EXERCISE DETAILS. Once the line holding "Sunset at the Pinnacles" is found in the entries below, transcribe exactly every line up to and including the one holding "Halsband från Pilgrim", but leave out the pictures.

DATASET ENTRIES.
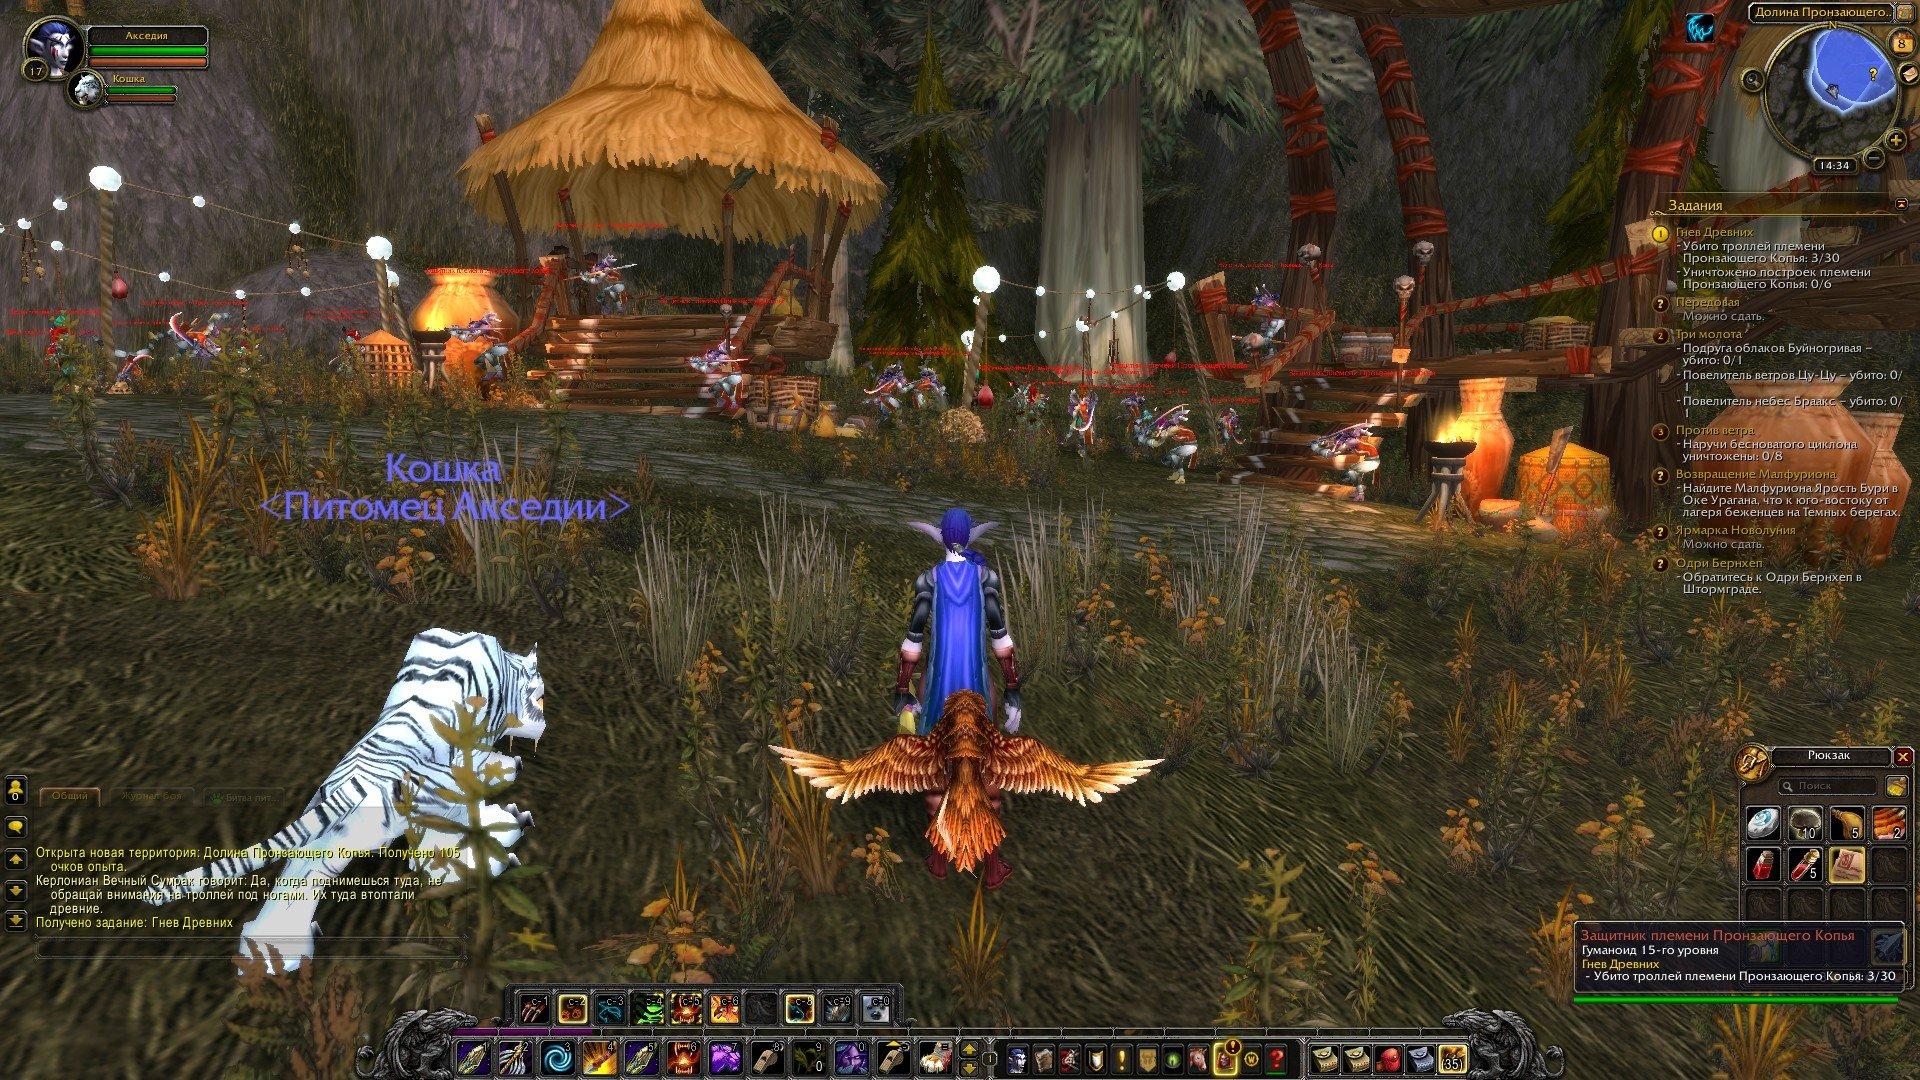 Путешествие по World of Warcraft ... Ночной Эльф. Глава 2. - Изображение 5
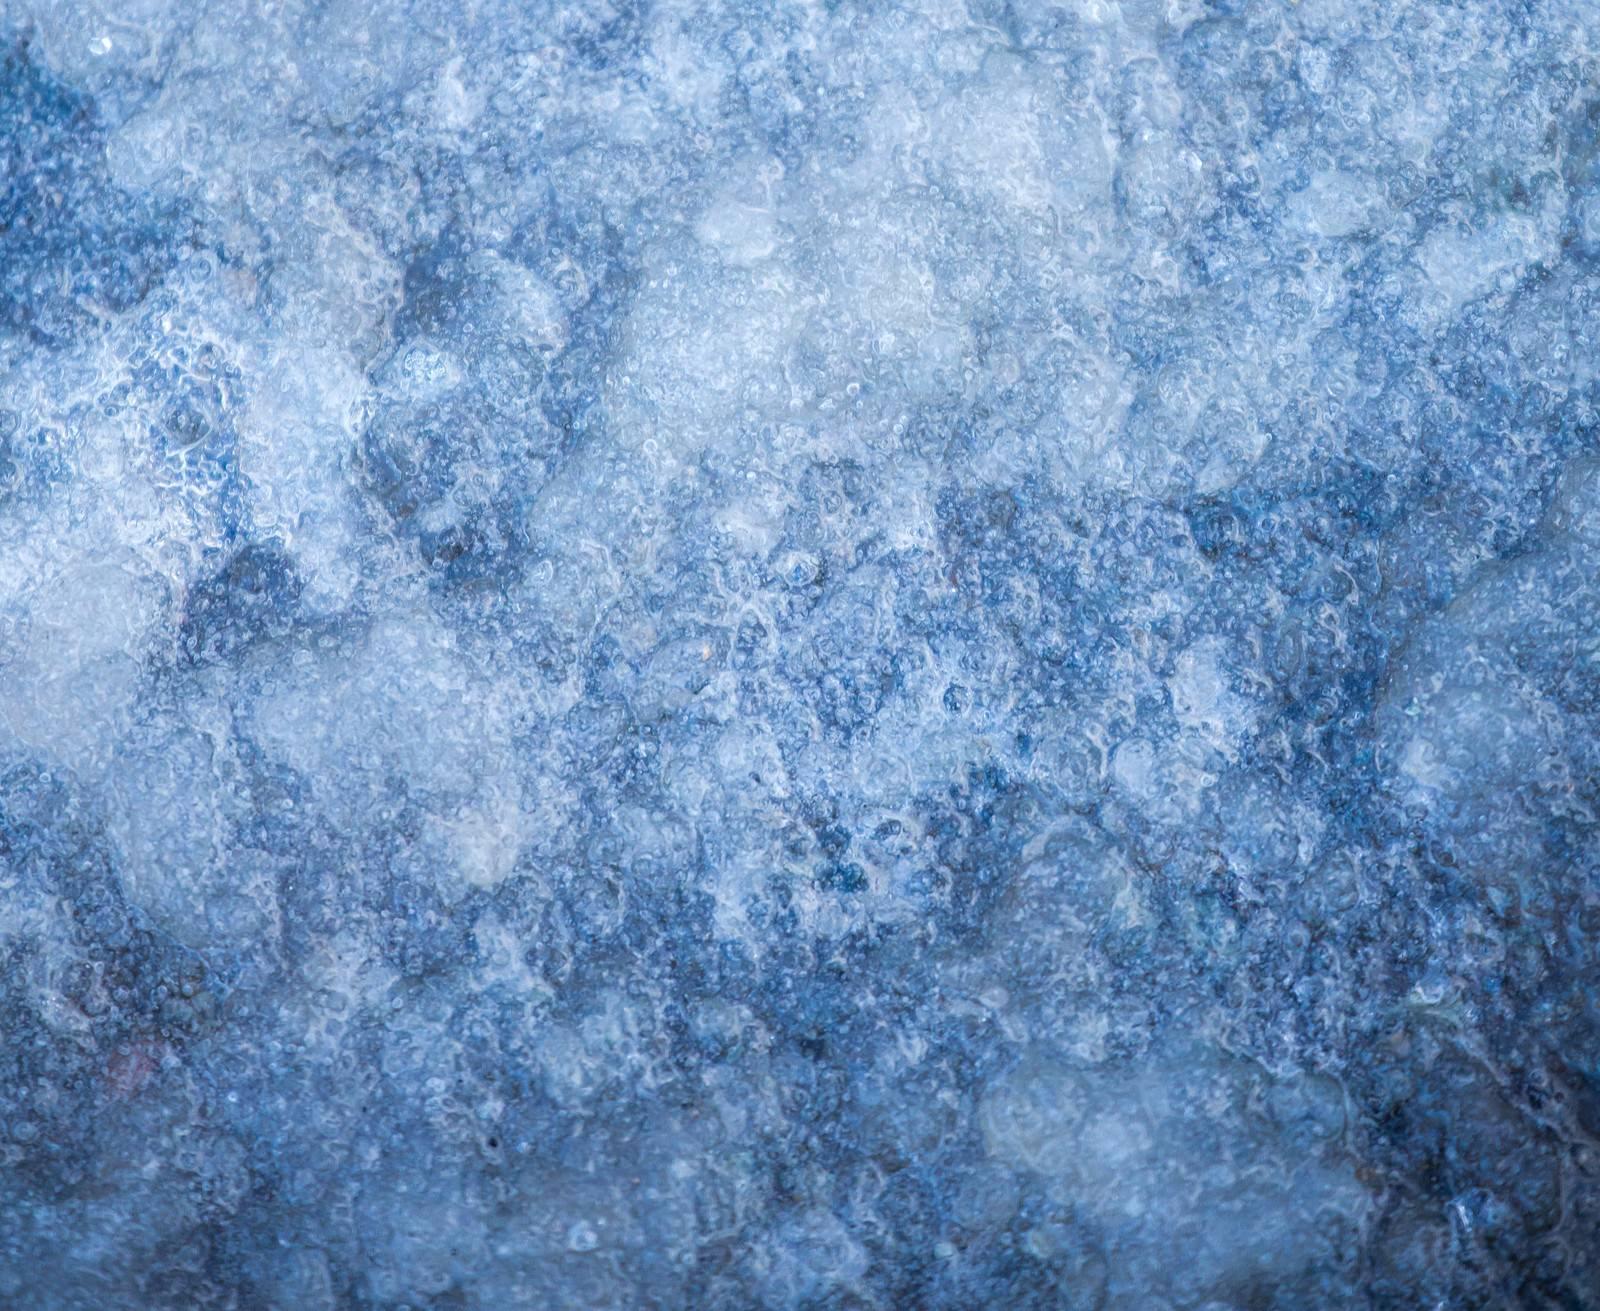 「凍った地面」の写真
...
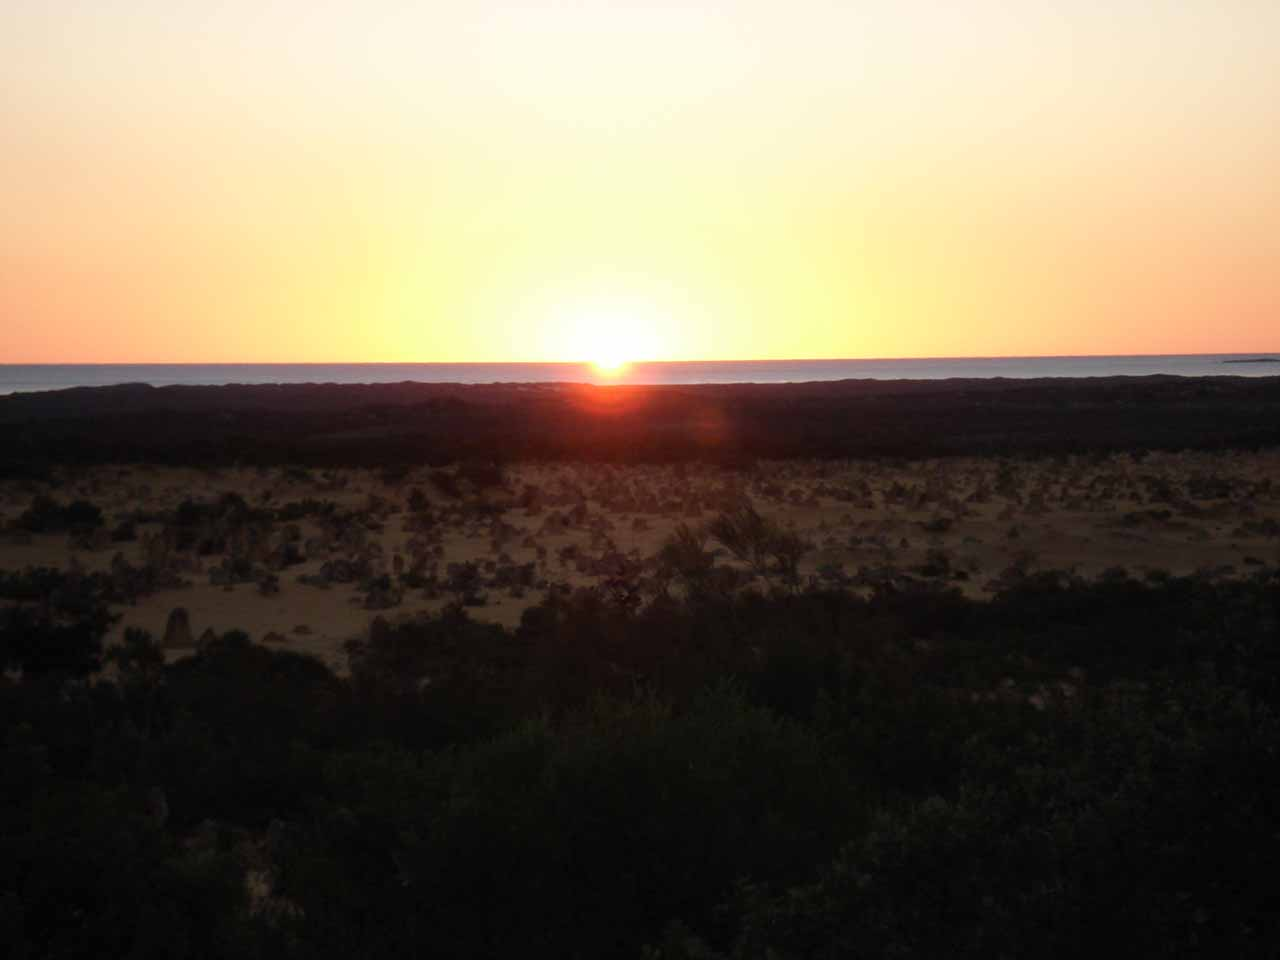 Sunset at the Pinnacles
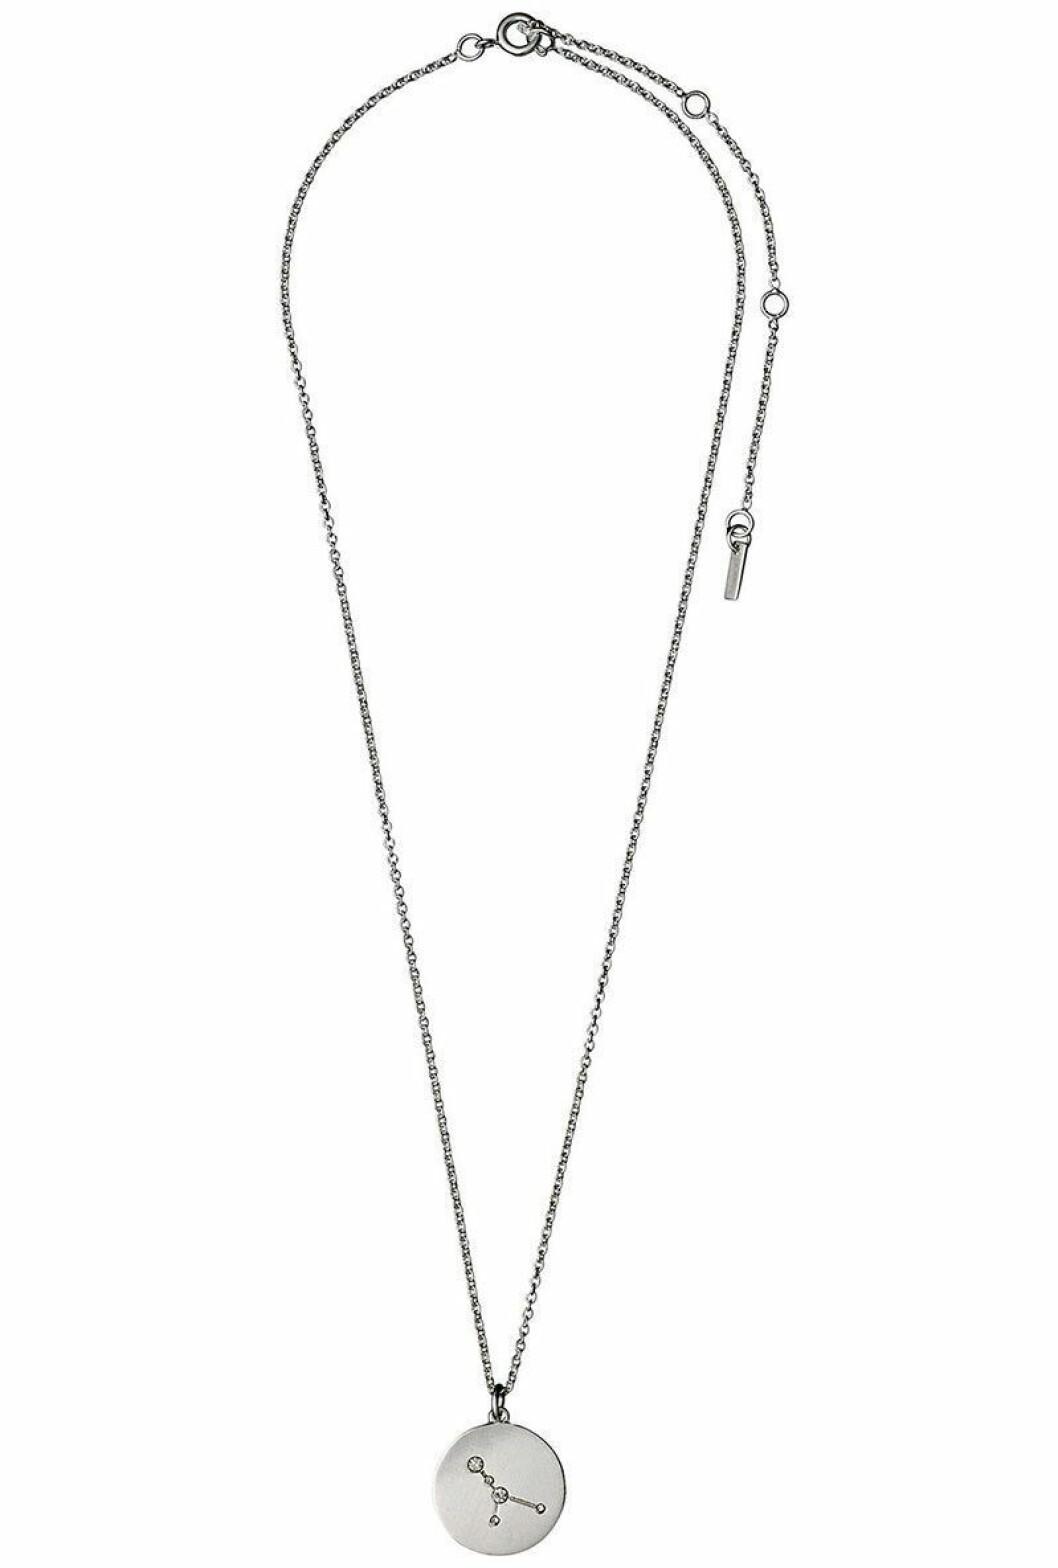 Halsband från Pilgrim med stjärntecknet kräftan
* * *
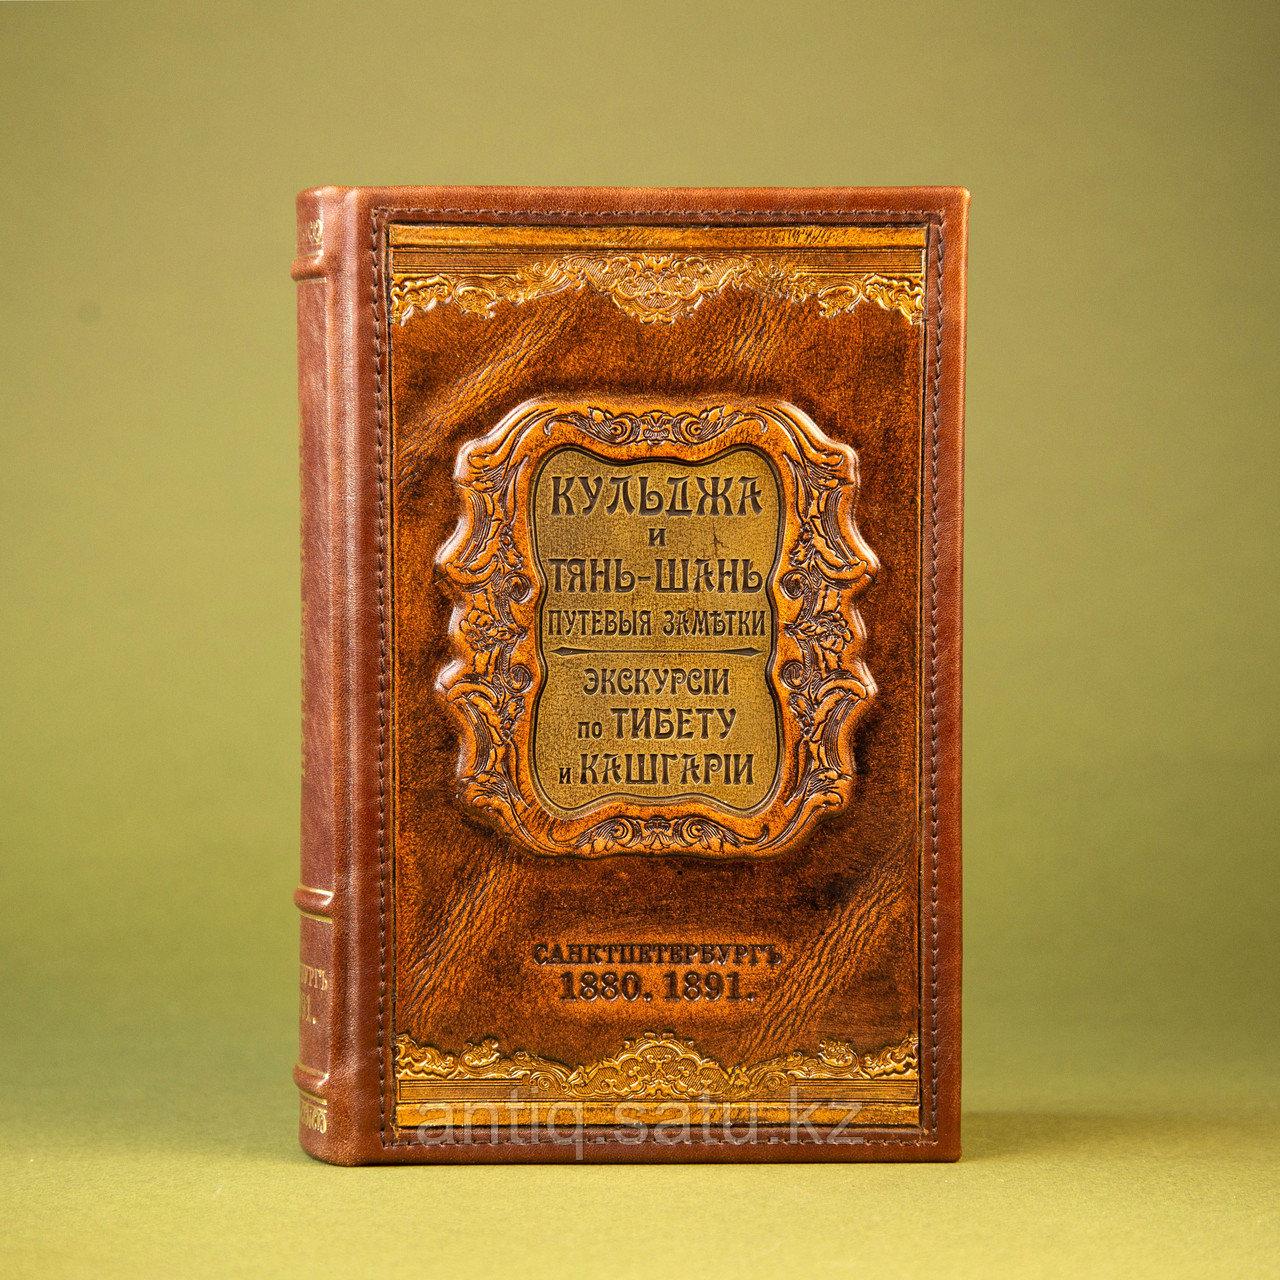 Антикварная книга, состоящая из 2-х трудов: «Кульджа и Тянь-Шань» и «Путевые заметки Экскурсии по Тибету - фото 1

SOLUTION.
 Sunset at the Pinnacles
 Halsband från Pilgrim med stjärntecknet kräftan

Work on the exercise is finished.